Both matrix and tensor factorization with side information can be regarded as the joint factorization of coupled matrices and tensors (hereafter referred to as coupled tensors; see Figure 1). Acar, Kolda, and Dunlavy (2011) introduced a coupled factorization method based on CANDECOMP/PARAFAC (CP) decomposition that simultaneously factorizes matrices and tensors by sharing the low-rank structures in the matrices and tensors. The coupled factorization approach has been applied to joint analysis of fluorescence and proton nuclear magnetic resonance (NMR) measurements (Acar, Nilsson, & Saunders, 2014) and joint NMR and liquid chromatography-mass spectrometry (LCMS; Acar, Bro, and Smilde, 2015). More recently, a Bayesian approach proposed by Ermis, Acar, and Cemgil (2015) was applied to link prediction problems. However, existing coupled factorization methods are nonconvex and can obtain only a poor local optimum. Moreover, the ranks of the coupled tensors need to be determined beforehand. In practice, it is difficult to specify the true ranks of the tensor and the matrix without prior knowledge. Furthermore, existing algorithms are not theoretically guaranteed.

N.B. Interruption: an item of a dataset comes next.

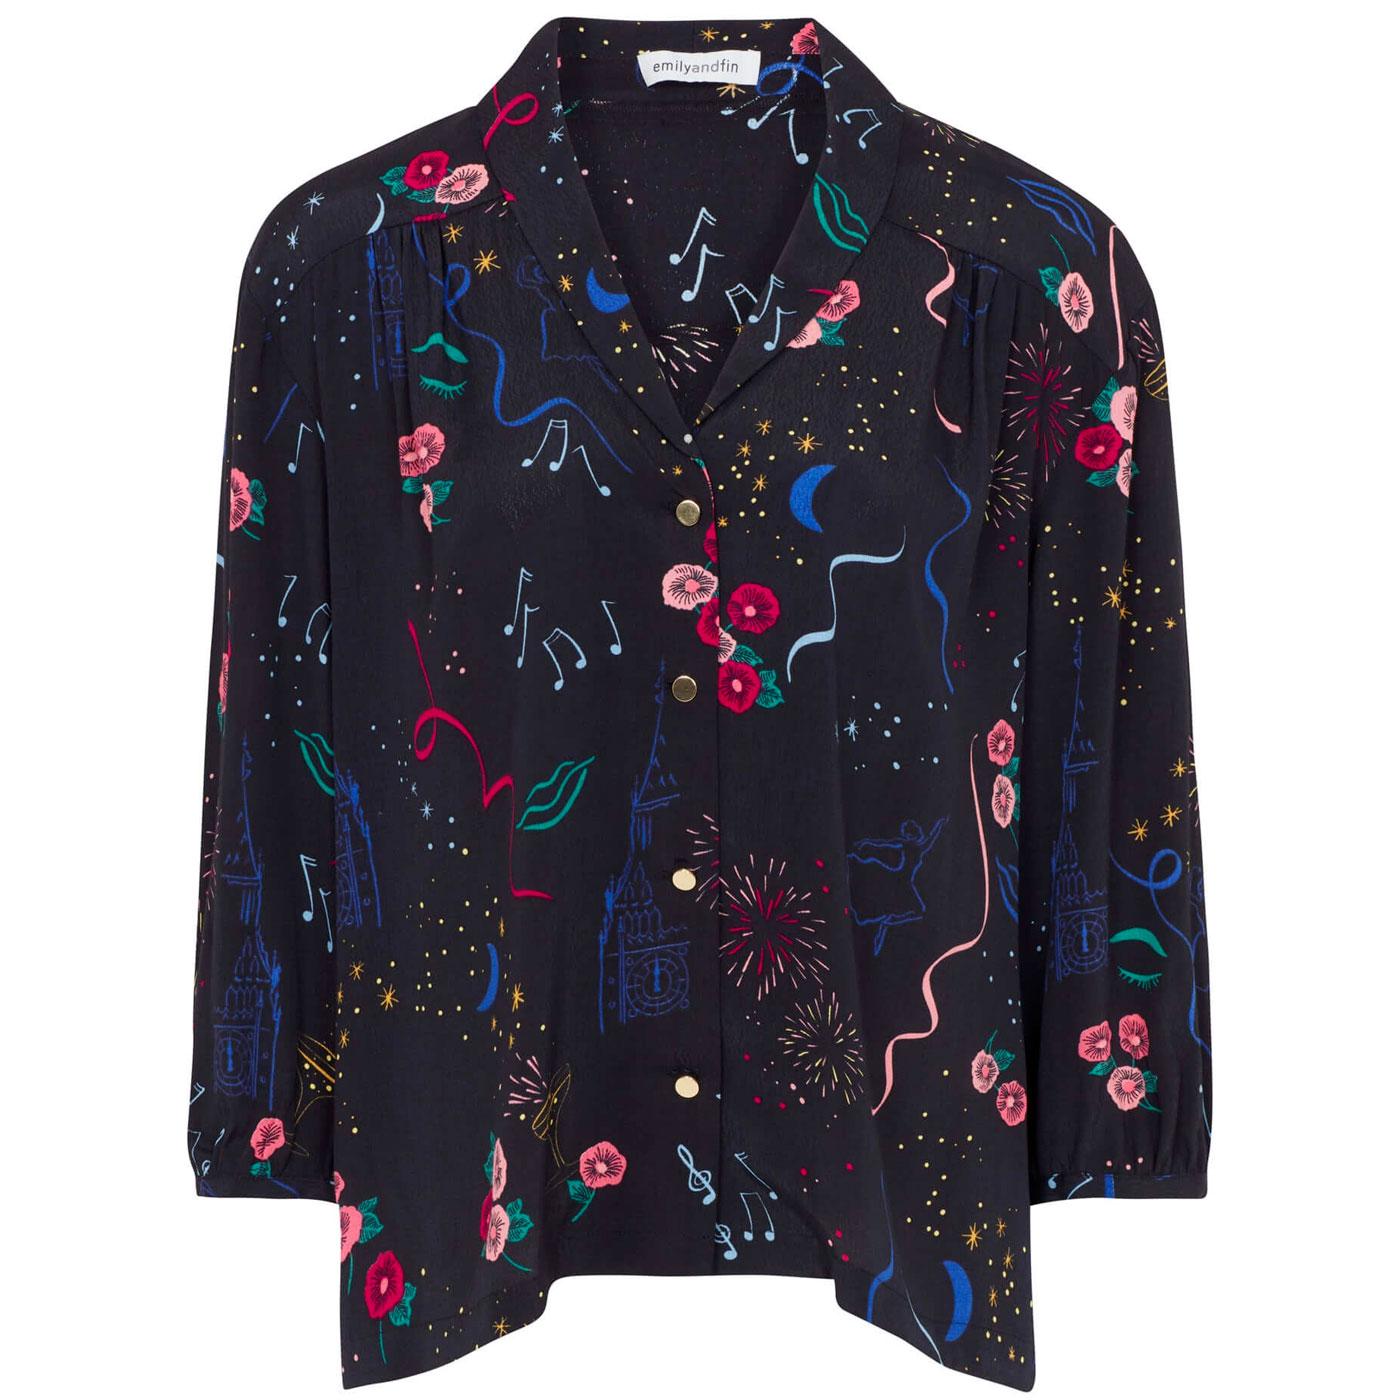 Florrie EMILY & FIN New Years Party Printed Blouse

We propose in this letter convex norms for coupled tensors that overcome the nonconvexity problem. The norms are a mixture of tensor norms: the overlapped trace norm (Tomioka, Suzuki, Hayashi, & Kashima, 2011), the latent trace norm (Tomioka & Suzuki, 2013), the scaled latent norm (Wimalawarne et al., 2014), and the matrix trace norm (Argyriou et al., 2006). A key advantage of the proposed norms is that they are convex and thus can be used to find a globally optimal solution, whereas existing coupled factorization approaches are nonconvex. Furthermore, we analyze the excess risk bounds of the completion model regularized using our proposed norms. Through synthetic and real-data experiments, we show that it compares favorably with existing ones.

In this letter, we:

- •
Propose a set of convex coupled norms for matrices and tensors that extend low-rank tensor and matrix norms.

- •
Propose mixed norms that combine features from both the overlapped norm and latent norms.

- •
Propose a convex completion model regularized using the proposed coupled norms.

- •
Analyze the excess risk bounds for the proposed completion model with respect to the proposed norms and show that it leads to lower excess risk.

- •
Show through synthetic and real-data experiments that our norms lead to performance comparable to that of existing nonconvex methods.

- •
Show that our norms are applicable to coupled tensors based on both the CP rank and the multilinear rank without prior assumptions about their low-rankness.

- •
Show that the convexity of the proposed norms leads to global solutions, eliminating the need to deal with local optimal solutions as is necessary with nonconvex methods.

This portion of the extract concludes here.